# Illustrator: verwackelte Bunstift-Linien grade machen?



## Fleck06 (1. April 2006)

Wie kann ich verwackelte Linien, die mit einem Stiftwerkzeug gezeichnet wurden immer mehr  grade machen?

und:

immer mehr "verrunden"?


THX


----------



## Rofi (2. April 2006)

Hi,
nachfolgend ein Auszug aus der Hilfe:



> So ändern Sie den Glättungsgrad
> Doppelklicken Sie auf das Glätten-Werkzeug .
> Stellen Sie die folgenden Optionen ein, und klicken Sie auf „OK“:
> „Genauigkeit“, um zu bestimmen, wie weit Sie die Maus oder den Stift bewegen müssen, bis Illustrator dem Pfad einen neuen Ankerpunkt hinzufügt.

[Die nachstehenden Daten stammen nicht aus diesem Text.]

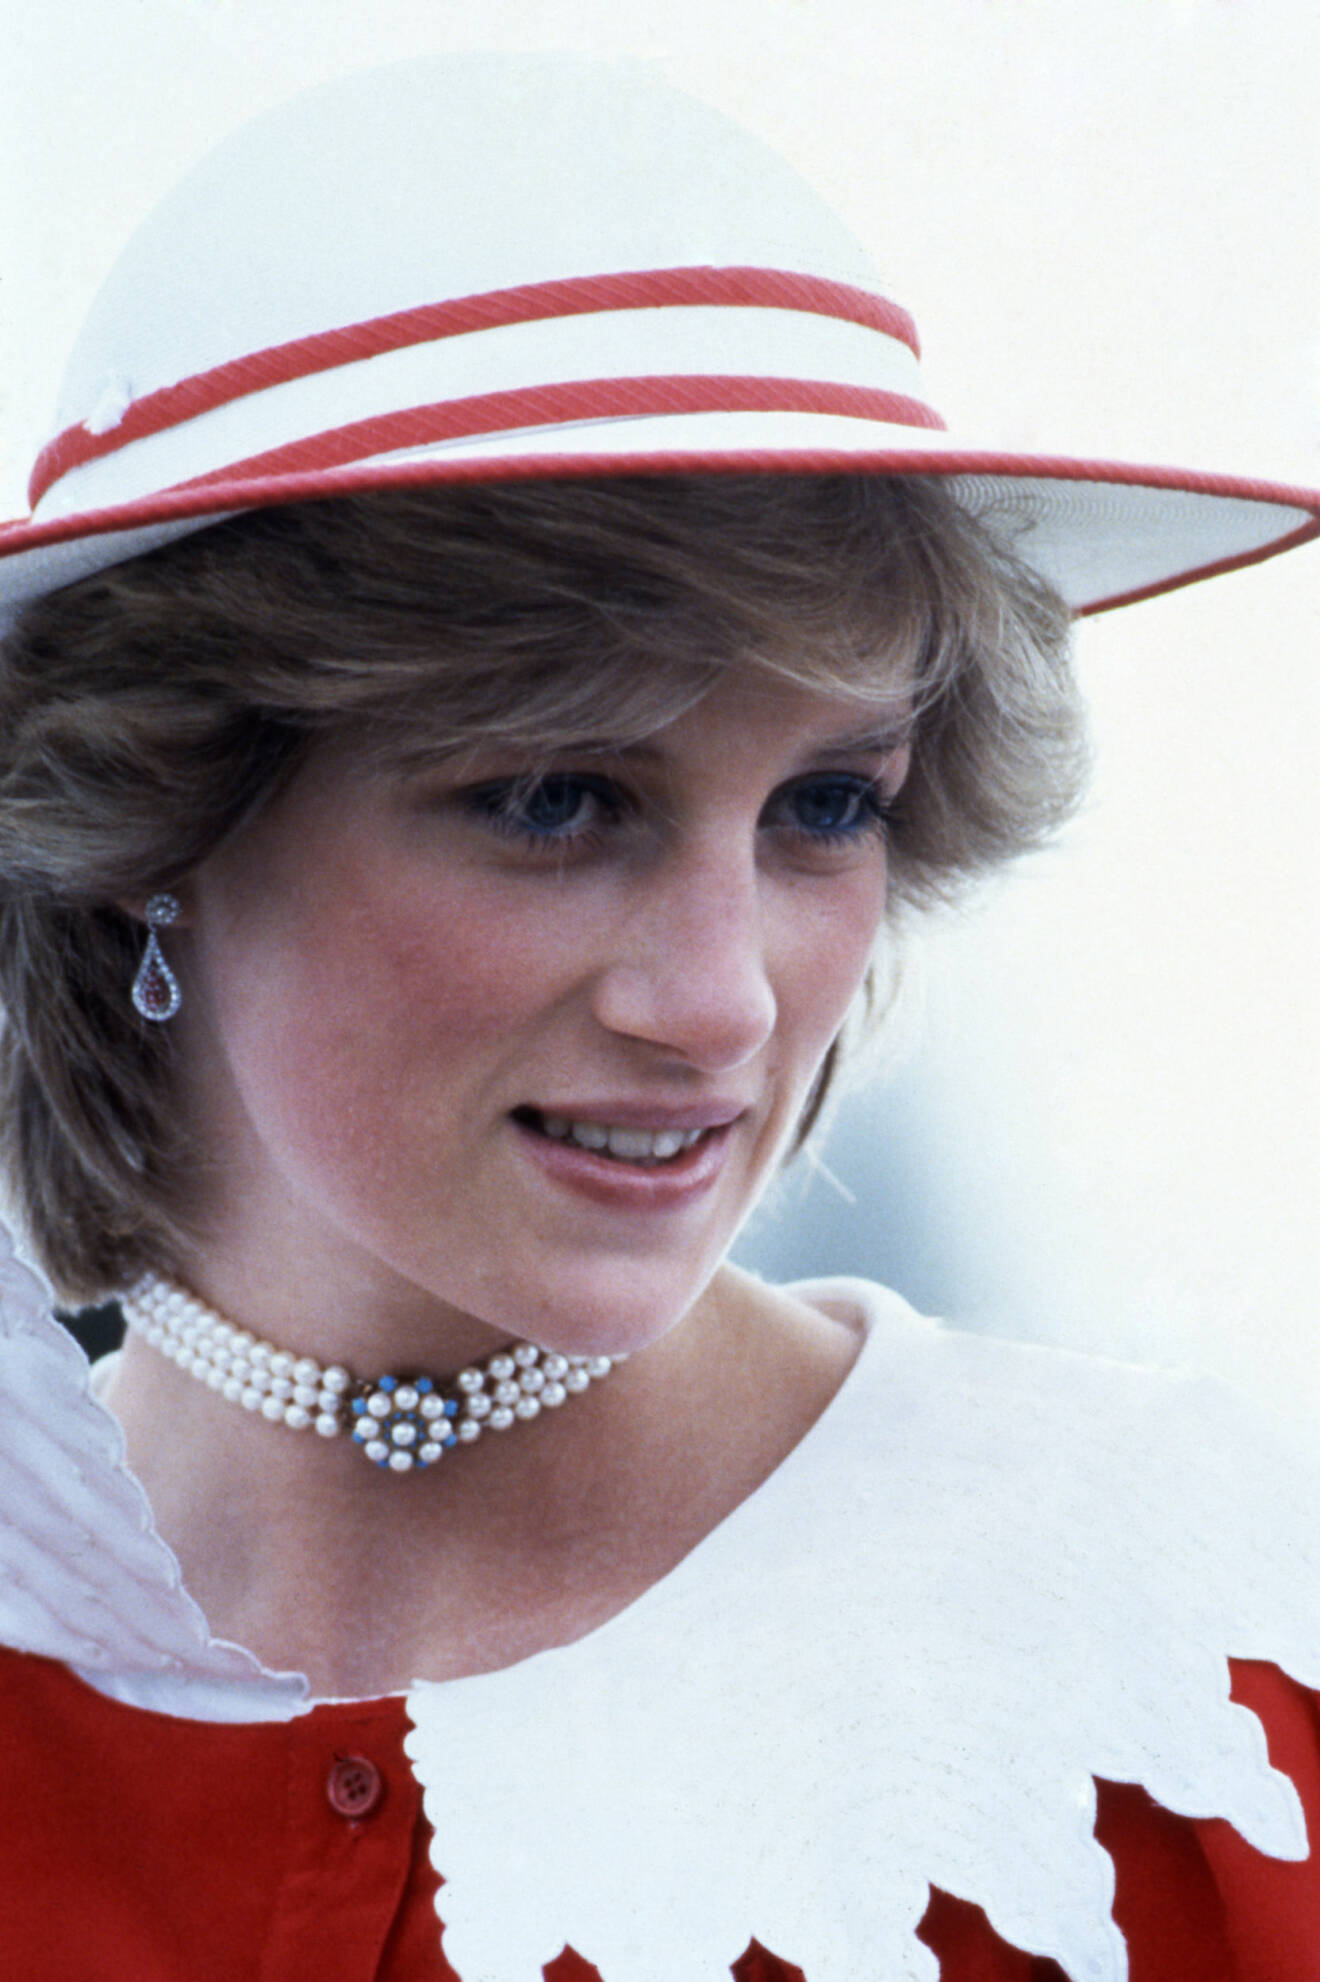 Prinsessan Diana i en röd blus med stor, vit krage på. Kragen är utskuren som en klassisk spetsduk och ger outfiten en romantisk touch. På huvudet har hon en röd och vitt hatt.
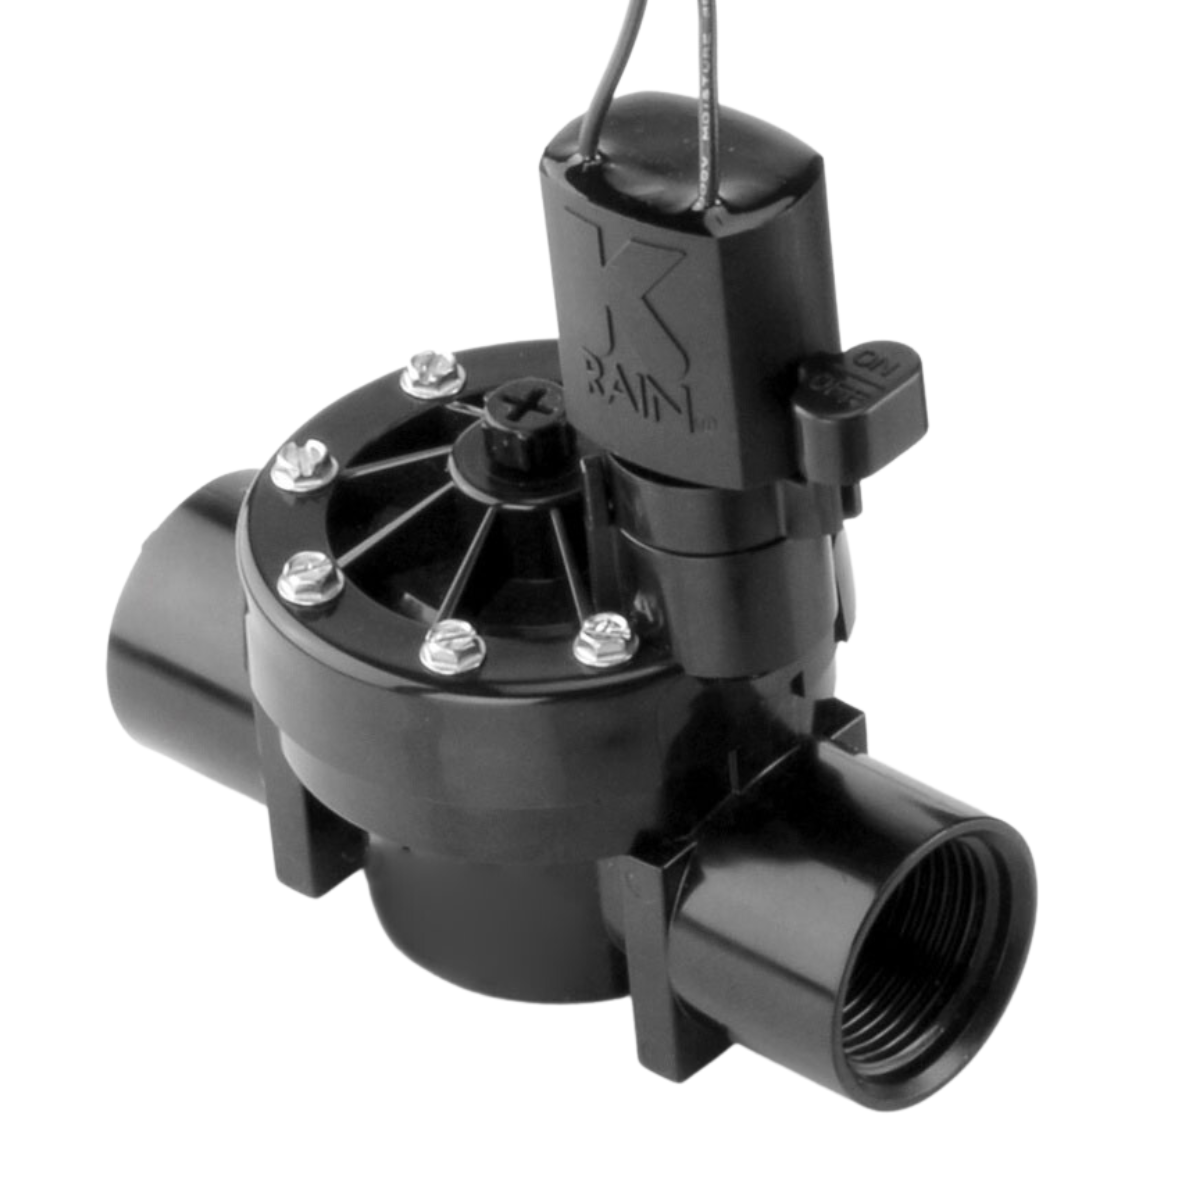 Válvula Elétrica Solenoide Pro 150 Irrigação 1" Bsp K-rain - 1

So bedeutet etwa ein Genauigkeitswert von 2,5, dass Bewegungen des Werkzeugs von weniger als 2,5 Pixel nicht registriert werden. Die Genauigkeit kann zwischen 0,5 und 20 Pixel liegen. Je höher der Wert, desto glatter und weniger komplex ist der Pfad.
> „Glättung“, um zu bestimmen, wie stark Illustrator den Pfad glättet, wenn Sie das Werkzeug anwenden. Der Wert für „Glättung“ kann zwischen 0% und 100% liegen. Je höher der Wert ist, desto glatter wird der Pfad.



Gruß,
Rofi


----------